Let’s first consider the case where $b=1$. In this case, we have $x^b=b^x=1^x=1$ for all $x$. Therefore, there is only one solution, namely $x=1$.

Now, let’s consider the case where $b\neq 1$. If we take the natural logarithm of both sides of $x^b=b^x$, we get:

$b \ln (x)=x \ln (b)$

If we define $f(x)=\frac{x\ln(b)}{b}$, then the equation above can be written as $f(x)=\ln(x)$. Note that $f(x)$ is an increasing function for $x>0$ if $b>1$, and a decreasing function for $0<x<1$ if $0<b<1$.

Therefore, for $b>1$, the graph of $f(x)$ intersects the graph of $\ln(x)$ at most twice, once in the interval $(0,1)$ and once in the interval $(1,\infty)$. Since $f(1)=\ln(b)$, the equation $f(x)=\ln(x)$ has a unique solution in $(1,\infty)$ if and only if $\ln(b)>0$, which is equivalent to $b>1$.

For $0<b<1$, the graph of $f(x)$ intersects the graph of $\ln(x)$ at most twice, once in the interval $(0,1)$ and once in the interval $(1,\infty)$. Since $f(1)=\ln(b)$, the equation $f(x)=\ln(x)$ has a unique solution in $(0,1)$ if and only if $\ln(b)<0$, which is equivalent to $0<b<1$.

Therefore, the equation $x^b=b^x$ has only one solution if $b=\boxed{1}$ or $0<b<1$.

To find the minimum of the function $y(x)=e^x-x^e$, we need to find its critical points. The critical points occur where the derivative of the function is zero or undefined.

Taking the derivative of $y(x)$ with respect to $x$, we get:

$$y'(x) = e^x – ex^{e-1}$$

To find the critical points, we set $y'(x) = 0$ and solve for $x$:

$$e^x – ex^{e-1} = 0$$

Dividing both sides by $e^x$ gives:

$$1 – \frac{x}{e} = 0$$

Therefore, the critical point is at $x=e$. To confirm that this is a minimum, we need to check the second derivative of $y(x)$:

$$y”(x) = e^x – e(e-1)x^{e-2}$$

Plugging in $x=e$ gives:

$$y”(e) = e^e – e(e-1)e^{e-2} = e^e – e^e + e = e$$

Since $y”(e) > 0$, the critical point at $x=e$ is a minimum.

Therefore, the function $y(x)=e^x-x^e$ has a minimum at $x=e$, and the minimum value is:

$$y(e) = e^e – e^e = 0$$

So the minimum value of the function is 0, which occurs at $x=e$.

We can approach this problem by factoring the given polynomial, if possible. One way to factor it is to use the Rational Root Theorem, which states that if a polynomial with integer coefficients has a rational root $\frac{p}{q}$ (in lowest terms), then $p$ must divide the constant term of the polynomial and $q$ must divide the leading coefficient.

In this case, the constant term is $-2$ and the leading coefficient is $1$, so any rational root must be of the form $\pm 1, \pm 2$. Checking these values, we find that none of them are roots of the polynomial.

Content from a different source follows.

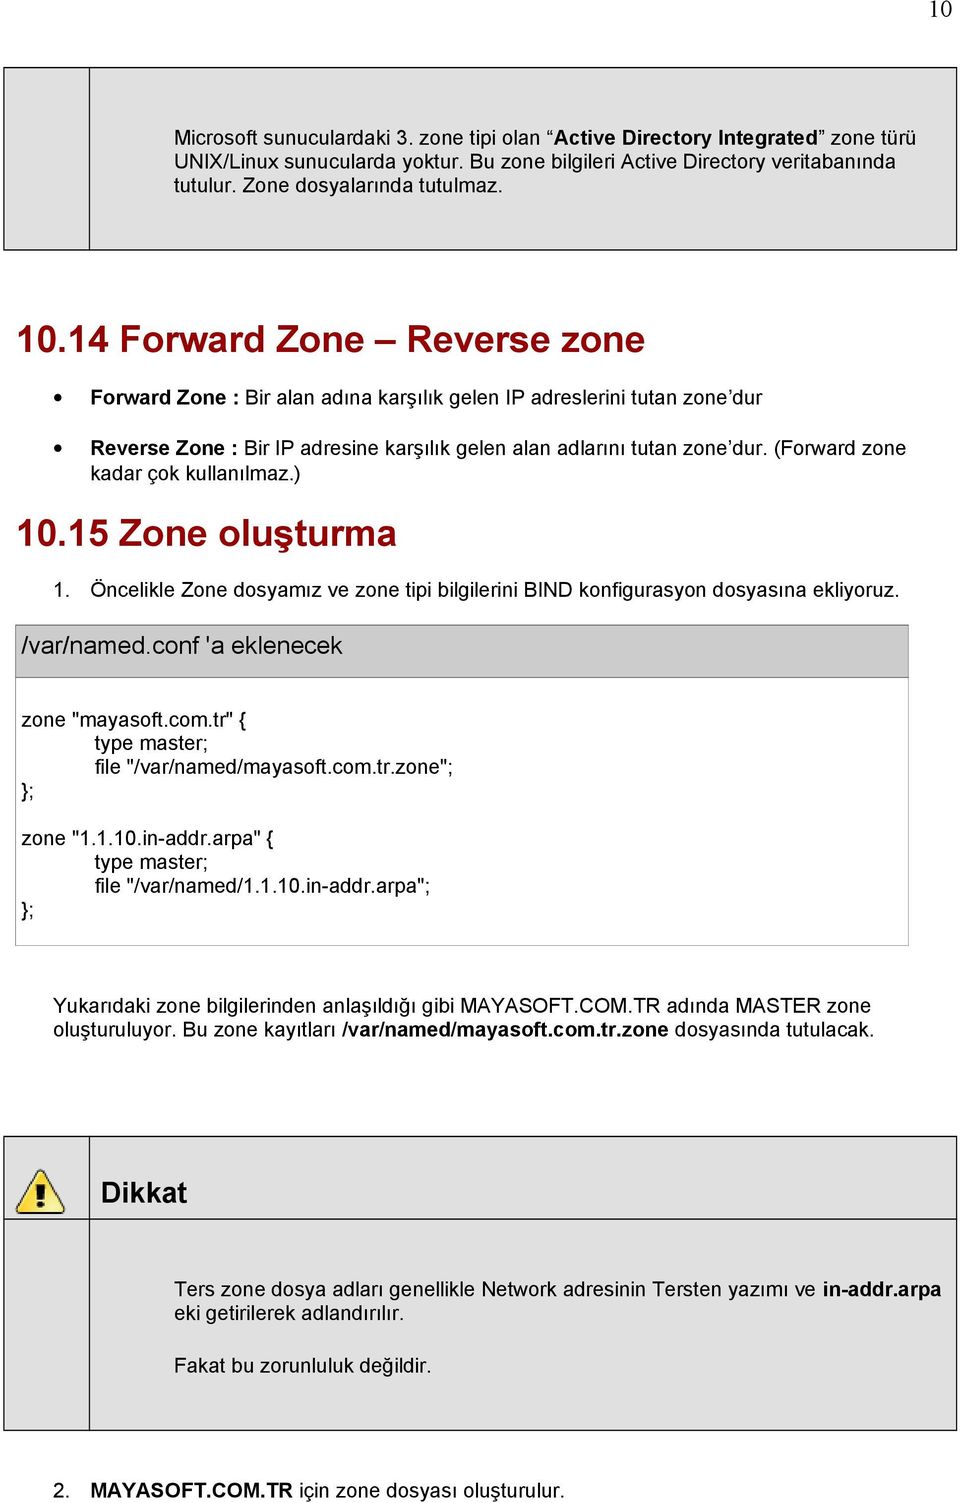 (Forward zone kadar çok kullanılmaz.) 10.15 Zone oluşturma 1. Öncelikle Zone dosyamız ve zone tipi bilgilerini BIND konfigurasyon dosyasına ekliyoruz. /var/named.conf 'a eklenecek zone "mayasoft.com.

Since the polynomial is of degree $4$, it must have exactly four complex roots (counting multiplicity). Let $a$, $b$, $c$, and $d$ be the four roots (not necessarily distinct) of the polynomial. Then we can write the polynomial as:

$$x^4 – 11x^3 + 5x – 2 = (x – a)(x – b)(x – c)(x – d)$$

Expanding the right-hand side, we get:

$$x^4 – (a + b + c + d)x^3 + (ab + ac + ad + bc + bd + cd)x^2 – (abc + abd + acd + bcd)x + abcd$$

Comparing coefficients with the left-hand side of the equation, we have:

\begin{align*} a + b + c + d &= 11 \ ab + ac + ad + bc + bd + cd &= 0 \ abc + abd + acd + bcd &= -5 \ abcd &= 2 \end{align*}

We can use these equations to eliminate variables and simplify the problem. For example, we can use the equation $abcd = 2$ to solve for one of the variables in terms of the other three:

$$d = \frac{2}{abc}$$

Substituting this into the equation $a + b + c + d = 11$ gives:

$$a + b + c + \frac{2}{abc} = 11$$

Multiplying both sides by $abc$ and rearranging, we get:

$$abc^2 + ab^2c + a^2bc + 2 = 11abc$$

This is a cubic equation in $abc$, which can be solved using various methods, such as factoring or the cubic formula. However, it turns out that the equation has no rational roots, which means that none of the roots of the polynomial $x^4 – 11x^3 + 5x – 2$ are rational.

Therefore, the only solutions to the equation are the four complex roots, which we can find using numerical methods such as the Newton-Raphson method or by using a computer algebra system.